Last week, New Delhi finally began to make a few calls. Prime Minister Narendra Modi spoke to the Iranian president; the foreign minister, S. Jaishankar, phoned his counterpart in Tehran and announced it was “already yielding some results.” Two tankers carrying 93,000 tons of liquid petroleum gas were permitted through the contested Strait of Hormuz.
But 22 others, according to Reuters, still remain in the Gulf’s waters. Nor will anything be released on Modi’s word alone; New Delhi might have to prove it is willing to defy some US sanctions. One possible ask is that India return three Iranian ships it had seized; or provide medicines and medical equipment to Iran.
To earn trust with Tehran, it will have to burn some bridges with Washington. The Trump administration had announced that India will be permitted to buy some Russian oil to replace its lost supplies from the Middle East. Whether this indulgence will persist if New Delhi defies the sanctions regime is uncertain.
For Modi, the notion that Trump was allowing India to do anything was already politically poisonous. Now his government looks like it has to ask the Iranians for favors as well. Indians will want to know how their country appears to be negotiating from a position of weakness when all they have heard for years is stories of its strength.
New Delhi’s inability to shape the world to its needs is going to hurt. Nine million Indian citizens live and work in the Gulf; their remittances prop up foreign-exchange reserves and support welfare spending back home. Over 50,000 returned in the first week of March; but hundreds of thousands remain at risk.
Meanwhile, the security establishment has not welcomed the war’s stated aim: Regime change in Iran. From their point of view, a power vacuum west of the extremism-prone highlands of Afghanistan and Pakistan would be far more dangerous than the Revolutionary Guard ever was. In addition, India’s Shiite minority has always been strongly supportive of the Indian establishment, and nobody wants that to change.
Yet nothing will ever worry India’s leaders more than energy shortages. In the past, high fuel costs have brought down governments, led to lengthy periods of unrest and authoritarianism, and — in 1991, after Iraq’s invasion of Kuwait — almost bankrupted the country.
Ninety percent of India’s supply of liquid petroleum gas, universally used for cooking, comes through the Strait of Hormuz. A shortage will be politically cataclysmic. Restaurants are already shutting their doors or truncating their menus; and households are being told that they will have to wait longer to replace natural-gas cylinders. The government is telling people not to panic. I’m not sure that’s working; when I tried to buy my mother in Kolkata an induction stove this week, the best-reviewed ones on Amazon had already sold out.
The longer this crisis lasts, the more dangerous it will be. Fertilizer is made using natural gas, and plants are already running at only 70% of their capacity. Less fertilizer means less food; that will drive up inflation already under pressure from fuel prices.
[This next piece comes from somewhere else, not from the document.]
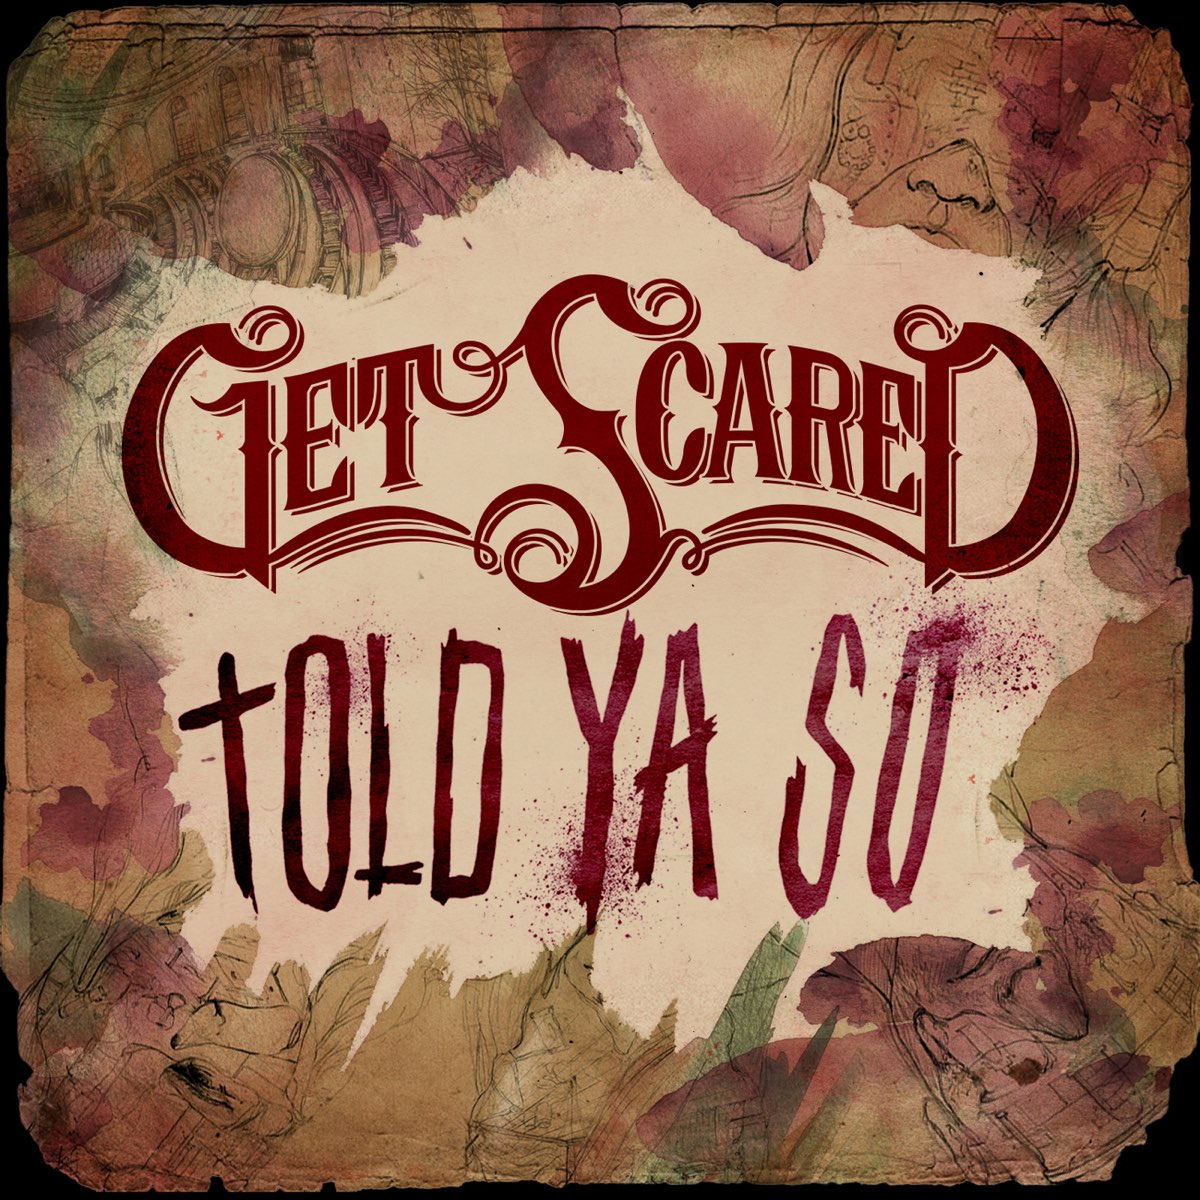 Get scared альбомы. Get scared обложка. Джоэл Фавьер get scared. Постер get scared.
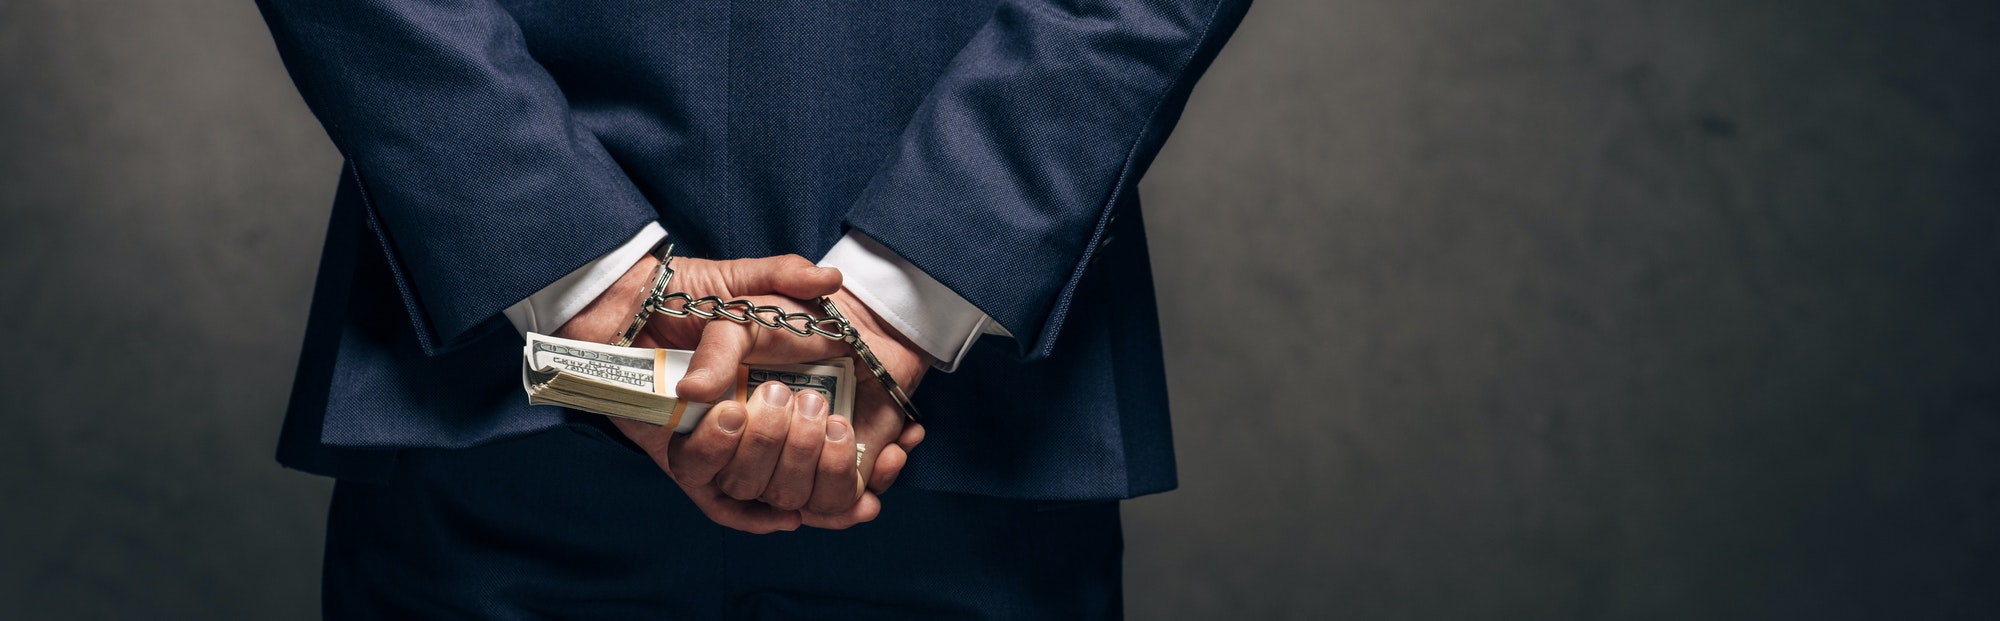 panoramic shot of handcuffed man holding bribe on grey

In other words, India needs the Strait open to its ships. But tankers will only be allowed to pass on a case-by-case basis, according to officials. That’s not special consideration: The Indonesians, Turks and Pakistanis have already achieved that much. India is not uniquely trusted by Tehran.
And why would it be? It has spent the past three years insisting it was Israel’s strategic partner — with tech transfers and military deals and, most recently, a Modi visit to Tel Aviv. From Tehran’s perspective, India is either a bad friend or a naïve one.
I’m not faulting New Delhi’s crisis management. Given the circumstances, it has done well to get some Indians out and some tankers through. Modi’s phone calls are still being picked up.
But competent management is not a foreign policy. The question that New Delhi should ask, once this crisis ends, is: What is the point of an elevated global profile if not to have an edge in moments like this? The danger is that it confused presence with influence; being at the table does not mean you shape what happens at it.
The real facts are this: India is too close to Israel for Iran to trust it enough; but not close enough to avoid the humiliation of being blindsided by a war starting hours after an official visit. The Gulf monarchies, home to millions of its citizens, cannot rely on our defense at their time of danger. The US doesn’t take India’s concerns into account before throwing its neighborhood into chaos. And it is losing crucial assets — from Chabahar port in Iran to markets for rice exports. India has friends everywhere, but leverage nowhere.